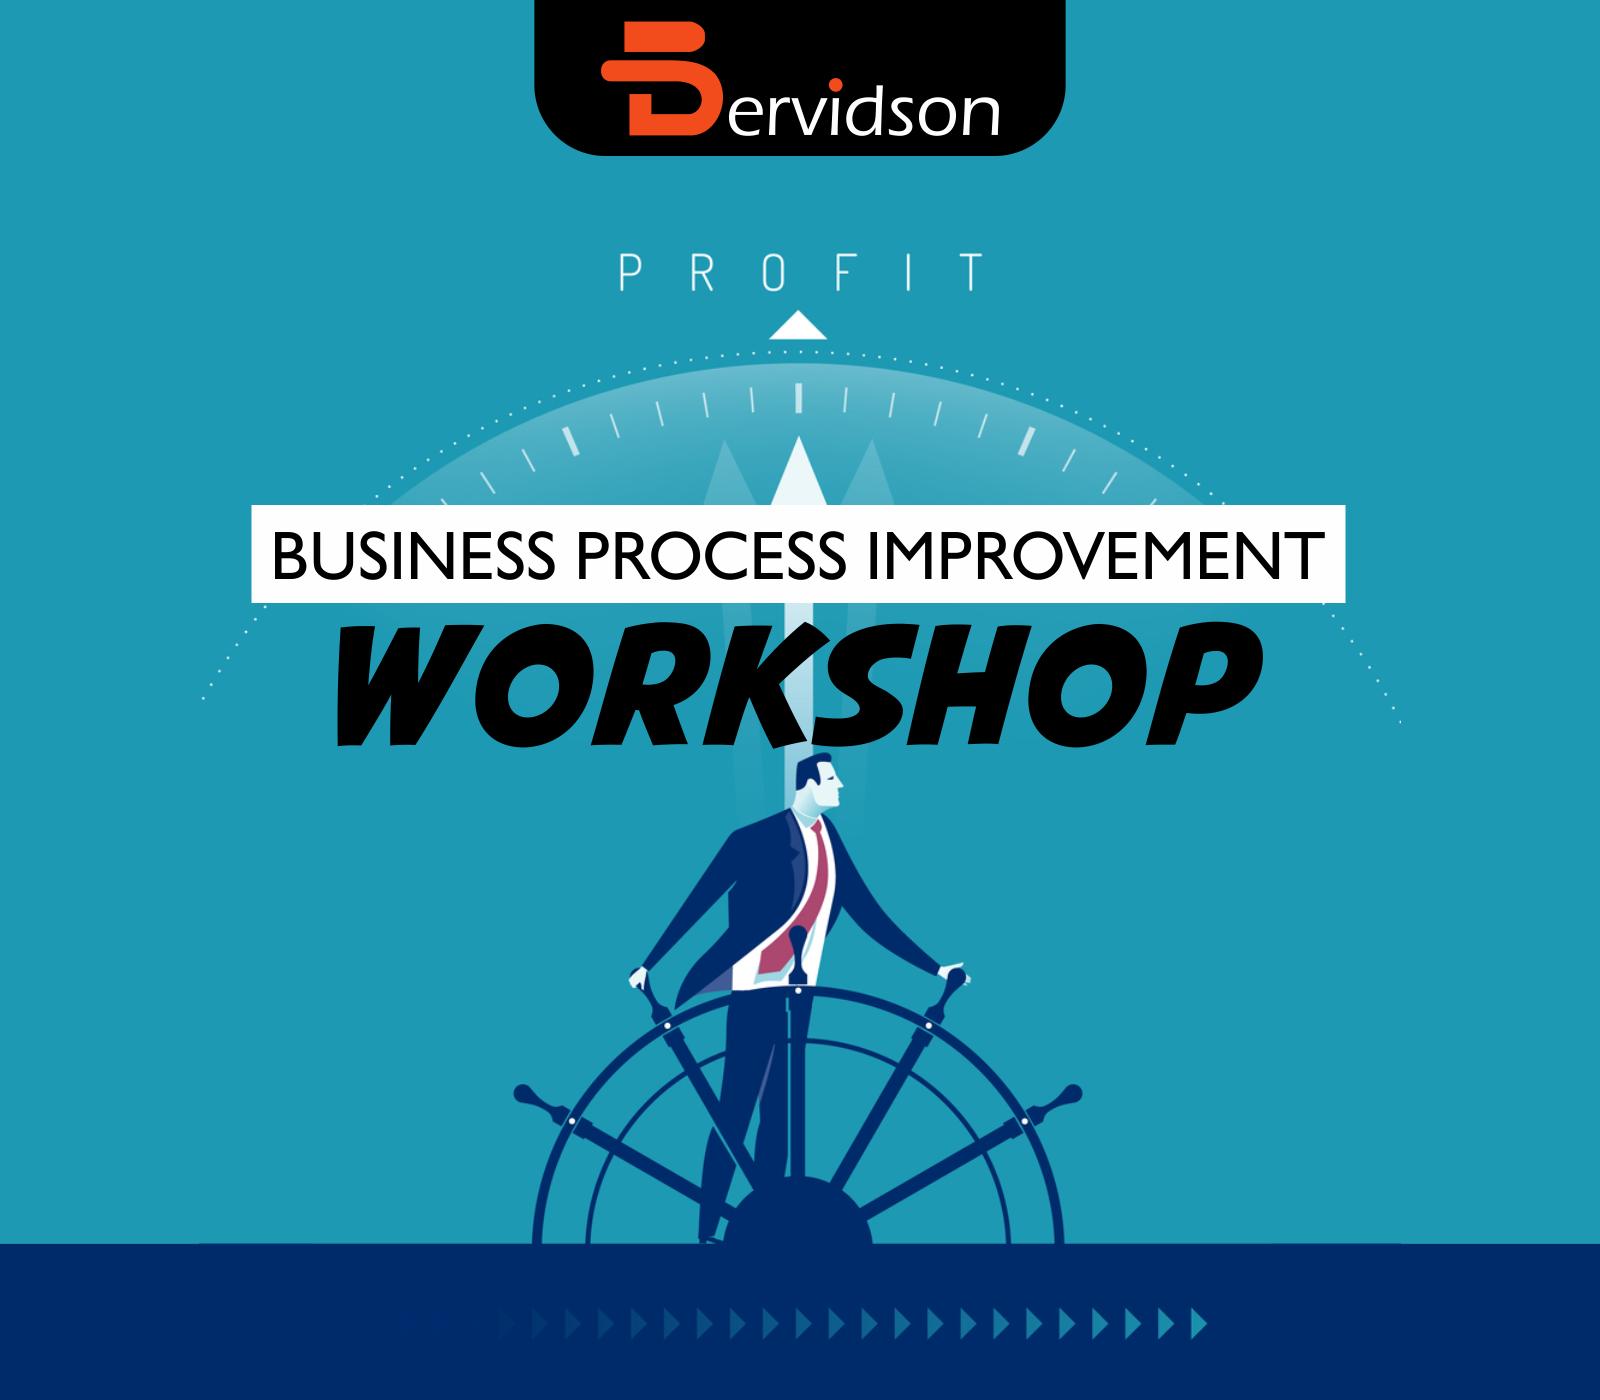 Business Process Improvement Workshop
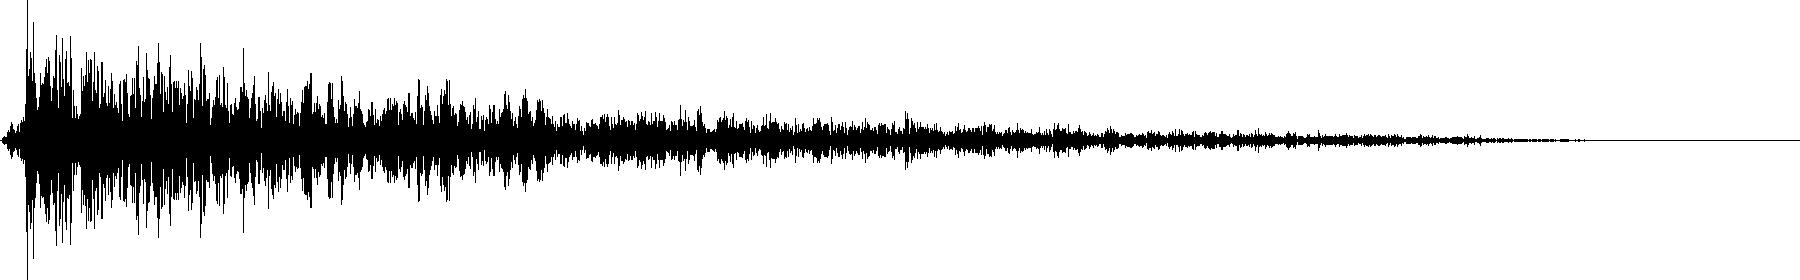 bluezone bc0210 tambourine 004
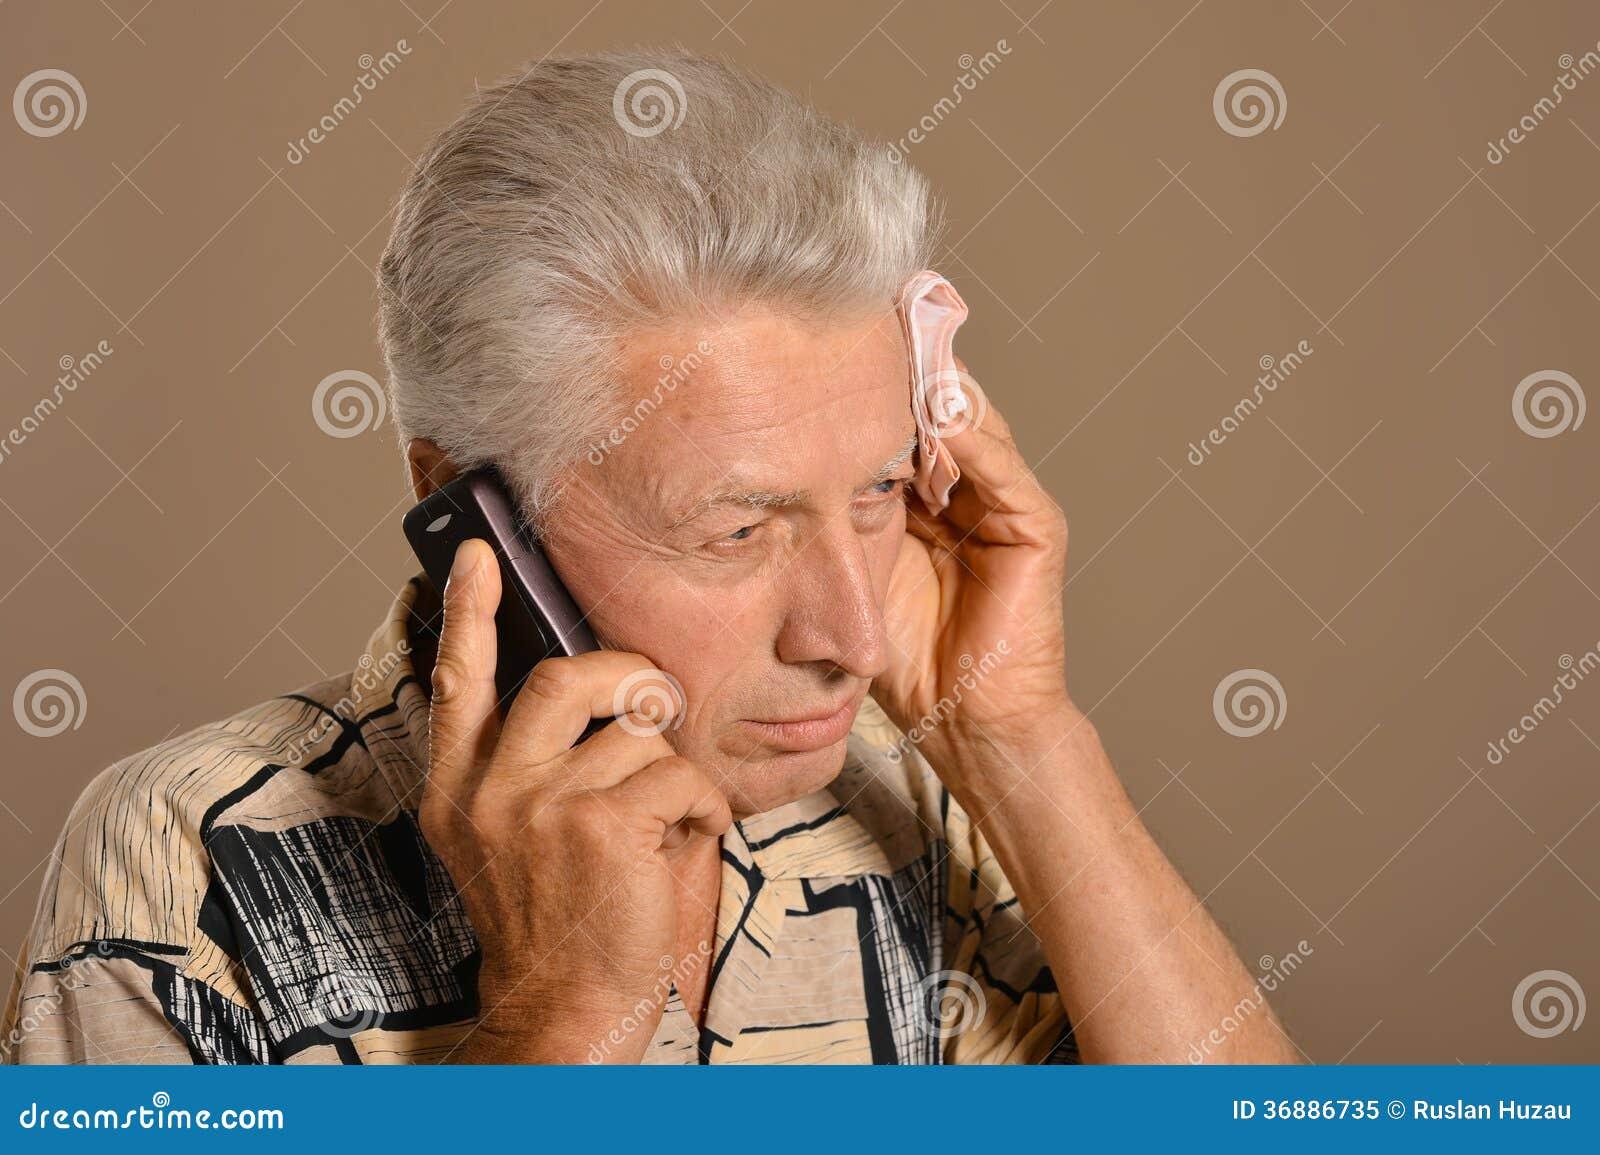 Download Uomo anziano triste immagine stock. Immagine di sano - 36886735

- Problem statement
Only the lines from the one with "bluezone bc0210 tambourine 004" through the end of the data, both ends included, should be written out exactly, and no pictures should appear.

- Response to the exercise
 bluezone bc0210 tambourine 004
 Download Uomo anziano triste immagine stock. Immagine di sano - 36886735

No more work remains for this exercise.